今は昔、チームメンバーがPython3で書いたコードありけり。コード、AWS Lambdaにデプロイされて動作しつつ、ときたまエラーを吐きてバグりけり。

 

……しかし、このPythonプロジェクト、テストコードがない(古文調は諦めた)。

 

そこで、ただバグを直しても芸がないと思い、ついでにPythonのテストコードの書き方を学びつつ、テスト駆動開発(TDD)を実戦投入してみることにした。

以下、Python初心者によるTDDの記録である。

 

 

[DynamoDBへのアクセス時エラーをテストする]

問題のエラーはAmazon DynamoDBにアクセスする際に発生しており、エラー処理が適切に行われていなかった。

 

このエラー処理のテストを書くには、3つの選択肢がある。

  1. 実物のDynamoDBを利用する
  2. DynamoDBLocalやLocalstackなどDynamoDB APIと互換性のあるミドルウェアを利用する
  3. テストライブラリを利用してDynamoDBへのアクセスをモックする

 

今回は選択肢3を採用した。理由は以下の通り。

  • Pythonでテストコードを書いたことがなかったので勉強したかった
  • モックならネットワークアクセスが発生しないのでテスト実行が比較的高速
  • ミドルウェアや実行環境の差異による影響をもっとも受けにくい

 

選択肢1については、以下の理由で断念した。

  • DynamoDBへのアクセス権限を各開発者ローカル環境やCI環境毎にセットアップするのが面倒
  • 微々たる額ながらDynamoDBの利用料金がかかる
  • インターネット経由でのDynamoDBへのアクセスによりテスト実行にかかる時間が長くなる

 

選択肢2については、以下の理由で断念した。

 

[MagicMockでDynamoDBへのアクセスをモックする]

Pythonでテストコードを書いたことがなかったので、適当に検索して公式ドキュメントにたどり着いた。このモックオブジェクトライブラリーが利用できるのはPython 3.3以降らしい。

docs.python.org

 

MagicMockクラスを使えば、どの関数でもモックすることができる。ということは、これを使えばDynamoDBに限らず、boto3が対応している他のAWSサービスへのアクセスも同じようなやり方でテストを記述することができる。

 

ローカルでの動作確認は今回Python 3.7.1を利用した。

$ python --version
Python 3.7.1

 

バグを修正する前のテスト対象のファイルは、擬似的な表すと次のようになっていた。

[myfunc.py]

import boto3

def lambda_handler(event, context):
    table = boto3.resource('dynamodb').Table('my_awesome_table')
    update(table, event['id'], event['count_up'])
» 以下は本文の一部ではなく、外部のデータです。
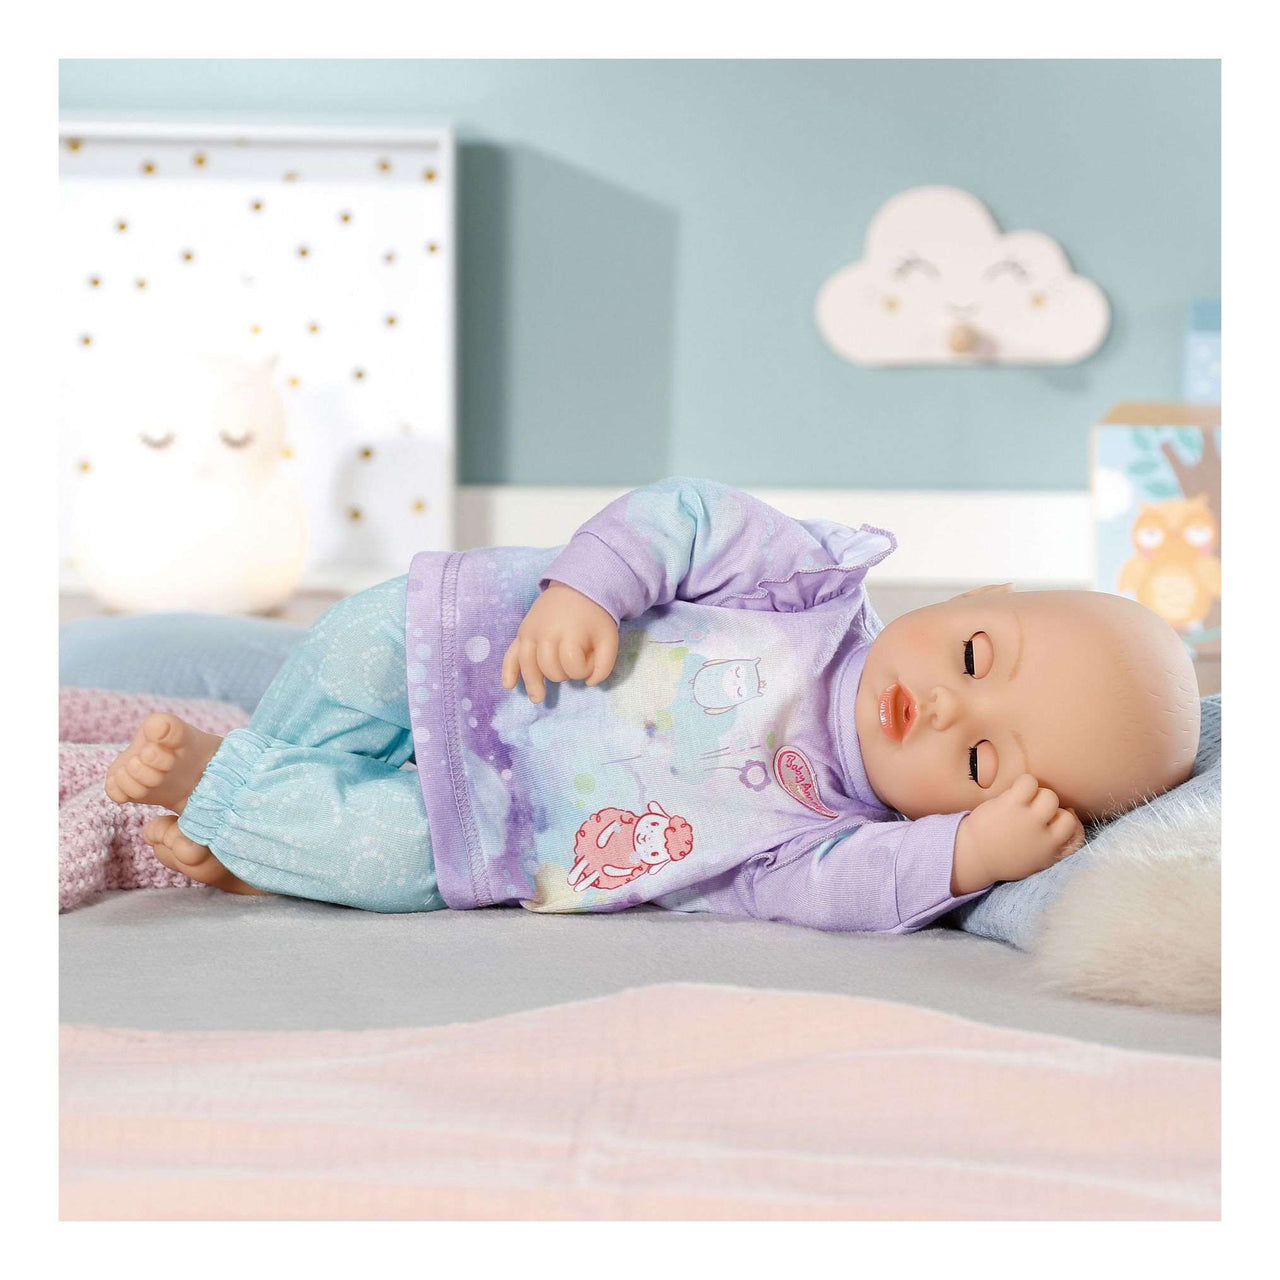 Baby Annabell Sweet Dreams Nightwear 43cm Baby Annabell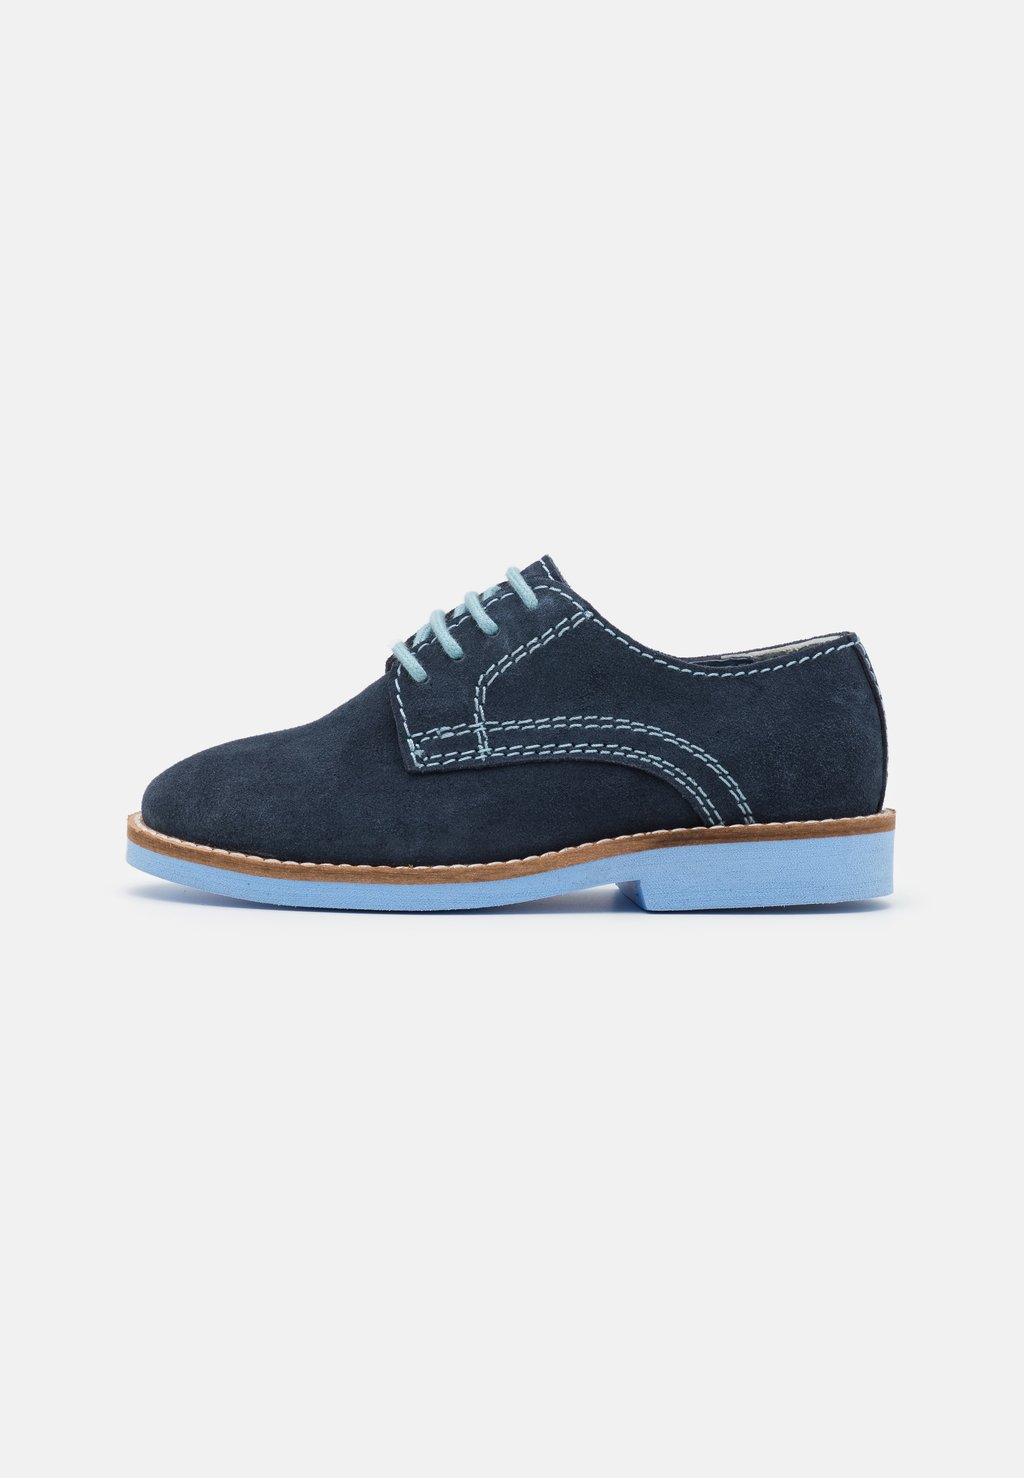 Спортивные туфли на шнуровке LEATHER Friboo, цвет dark blue спортивные туфли на шнуровке simone comfort bugatti цвет dark blue

def update(table, id, count_up):
# call DynamoDB API table.update_item( Key={ 'id': id }, UpdateExpression='SET #count = #count + :count_up', ExpressionAttributeNames={ '#count': 'count' }, ExpressionAttributeValues={ ':count_up': count_up } ) return True # Success

本当はハンドラ関数()の外でtableを初期化する方がパフォーマンスが良いのだが、このラムダ関数にはパフォーマンスはあまり求められていないので無視した。

 

これをモックしたテストコードを書きはじめる。とりあえずはDynamoDBのUpdateItemが呼ばれていることをアサートする。

[test_myfunc.py]

import myfunc
import boto3
import unittest
from unittest import TestCase
from unittest.mock import MagicMock

table = boto3.resource('dynamodb').Table('my_awesome_table')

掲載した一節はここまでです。